Из отеля маленького городка в горах, где мы нашли комнату с балконом и идиллическим видом, мы совершаем днем наезды в Верону и Виченцу. Снимки, снимки, снимки. Что может сравниться со звуком забиваемых в крышку гроба гвоздей? Для меня это щелчки фотоаппарата Клэр. Я снова чувствую, что жизнь прекрасна. Однажды мы поднимаемся по коровьим тропам и через луга, поросшие васильками, маленькими, словно лакированными, лютиками и словно искусственными маками в горы, на пикник. Мне нравится молча гулять с Клэр. Мне нравится просто лежать, опершись на локоть, и наблюдать за тем, как она собирает дикие цветы, которые потом принесет в нашу комнату и поставит в вазу рядом с моей подушкой. Мне больше ничего не нужно. Слово «больше» не имеет смысла. И появление Бригитты больше не имеет смысла. Как будто слово «Бригитта» и слово «больше» обозначают одно и то же понятие. После своего появления в «Гритти» она больше мне не являлась в таком поразительном виде, только первые ночи, когда мы с Клэр занимались любовью. Она приходила ко мне — всегда преклоняя колени, всегда умоляя о том, что ей было нужно больше всего. А потом пропадает. Я тесней прижимаюсь к Клэр, и, не попрощавшись, визитер исчезает, позволив мне еще раз пережить случившееся со мной когда-то.
В последний день мы решили устроить пикник на вершине зеленого холма, откуда видны изумительные белые макушки Доломитовых Альп. Я сижу, а Клэр лежит, растянувшись, рядом. Она дышит, и ее большое тело мирно вздымается и опускается. Смотря сверху вниз на эту крупную, зеленоглазую девушку в тонком летнем платье, на ее нежный овал, на ее чистую одухотворенную красоту, я говорю самому себе: мне достаточно Клэр. Да, «Клэр» и «достаточно» тоже синонимы.
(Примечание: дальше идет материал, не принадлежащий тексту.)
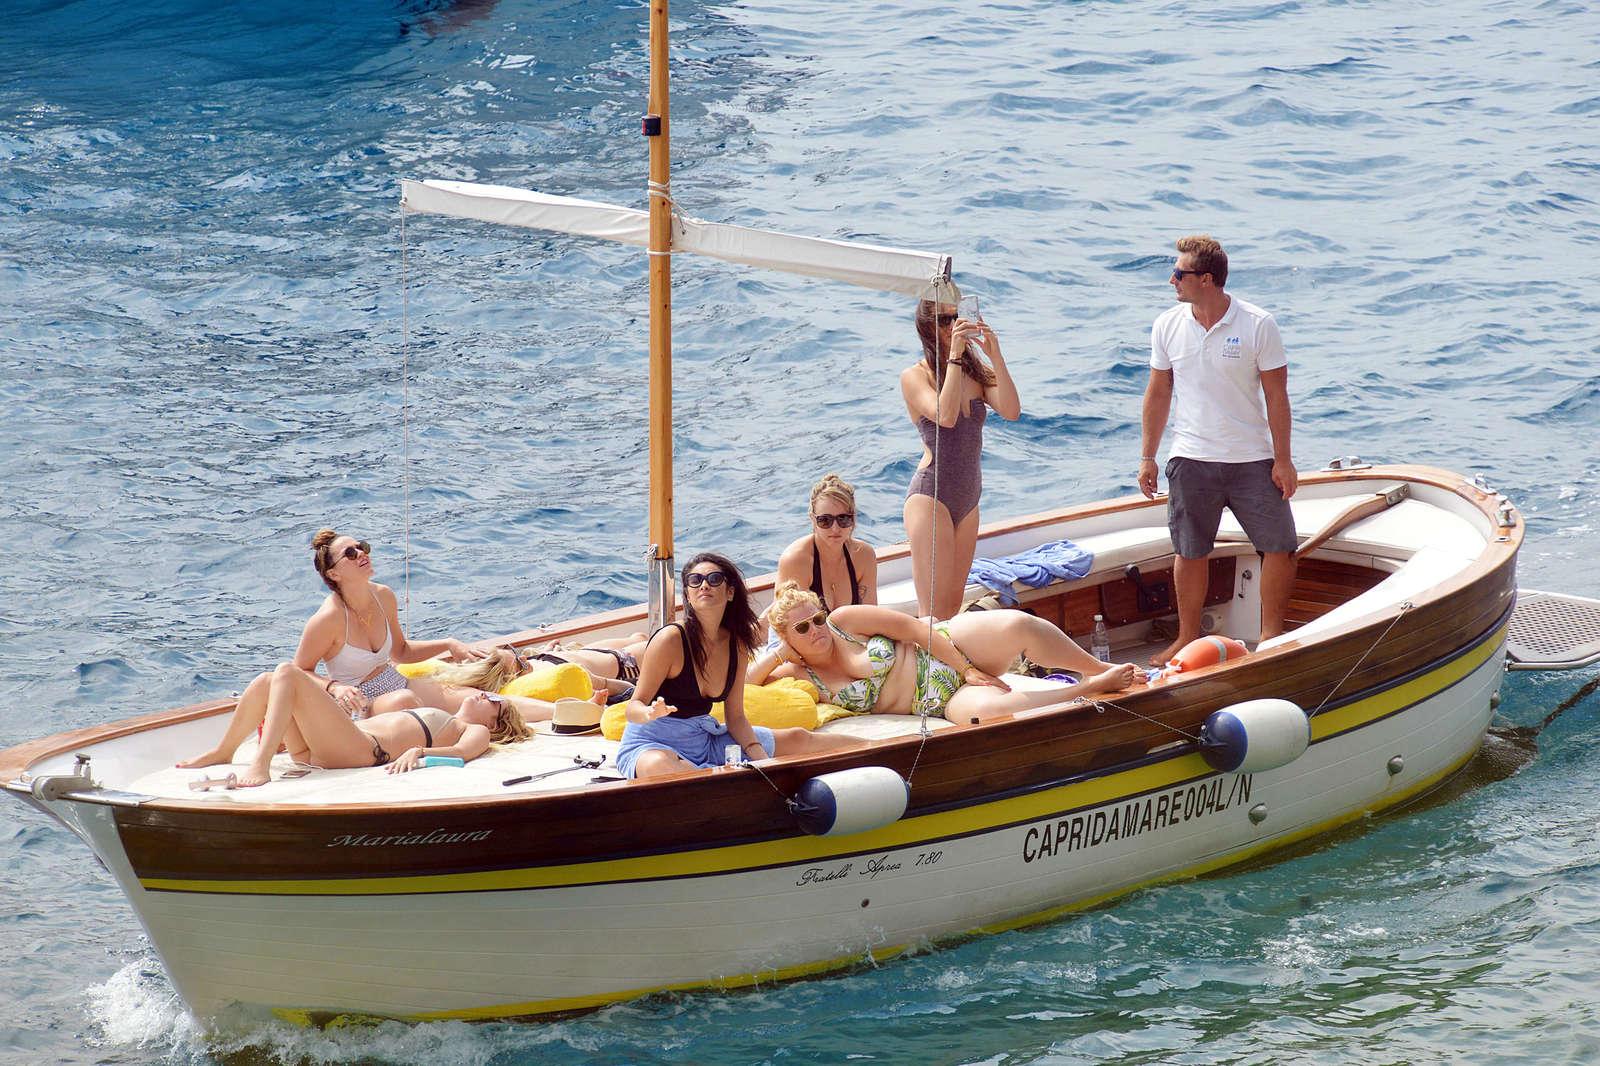 Ashley Benson 2016 : Ashley Benson, Shay Mitchell and Troian Bellisario on a boat in Capri -06
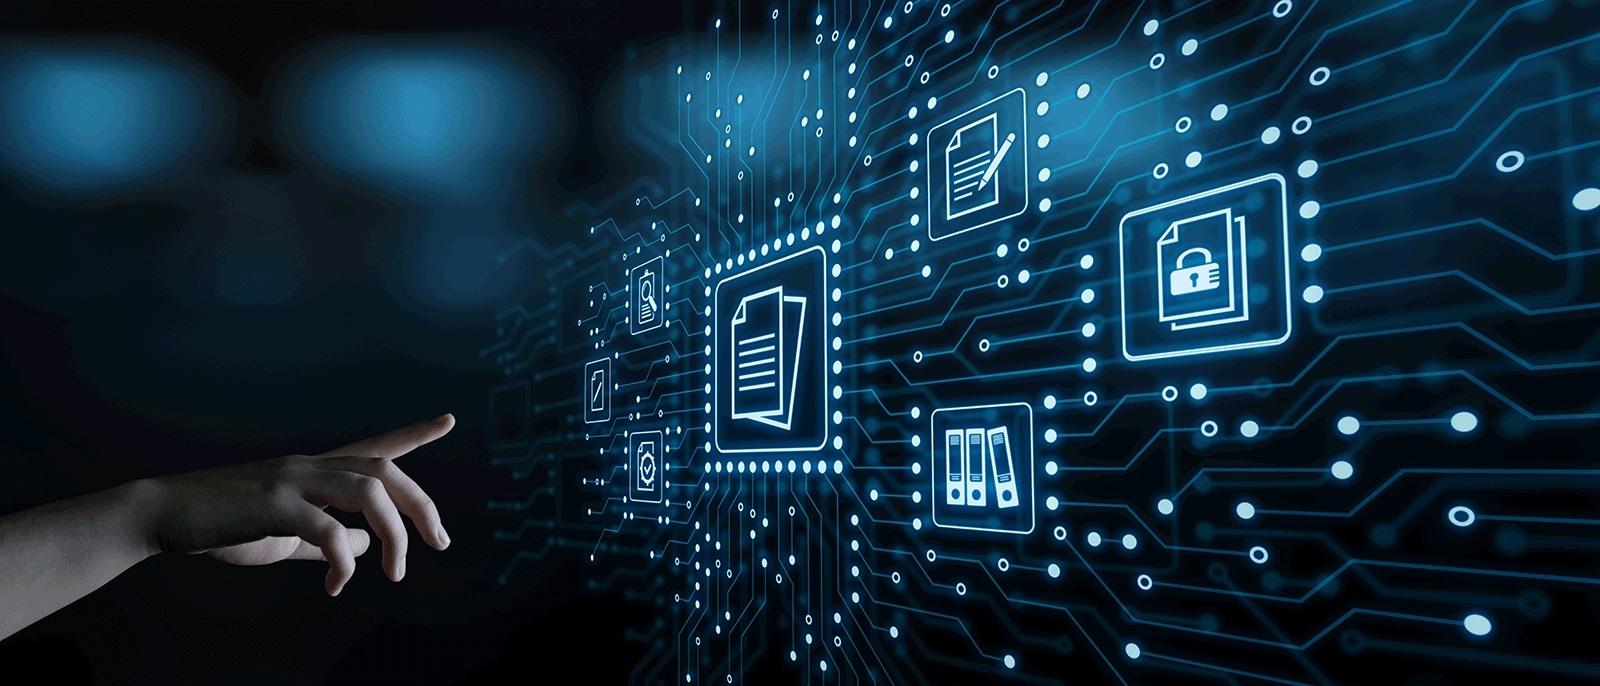 smeup software archiviazione e gestione documentale

Из Венеции через Вену — и дом Зигмунда Фрейда — мы летим в Прагу. В течение этого последнего года я вел в университете курс Кафки. Доклад, который я должен сделать через несколько дней в Брюгге, посвящен теме бездуховности, волновавшей Кафку. Но я еще не видел его города, с которым был знаком только по фотографиям. Накануне нашего отъезда я просматривал экзаменационные работы пятнадцати студентов, посещавших мой семинар. Они прочли все произведения Кафки; его биографию, написанную Максом Бродом; дневники Кафки и его письма к Милене и отцу. Один из вопросов, который я включил в экзаменационную работу, был следующий:
«В своем «Письме к отцу» Кафка пишет: «Все мои произведения — о тебе. В них я выплакал то, что не мог выплакать на твоей груди. Это намеренно затянутое прощание с тобой. Хотя это было навязано тобой, это совпало с моим собственным решением… «Что имеет в виду Кафка, говоря своему отцу: «Все мои произведения о тебе» и добавляет «это совпадает с моим собственным решением»? Пожалуйста, представьте себя на месте Макса Брода и напишите свое письмо отцу Кафки, объяснив, что ваш друг имел в виду…»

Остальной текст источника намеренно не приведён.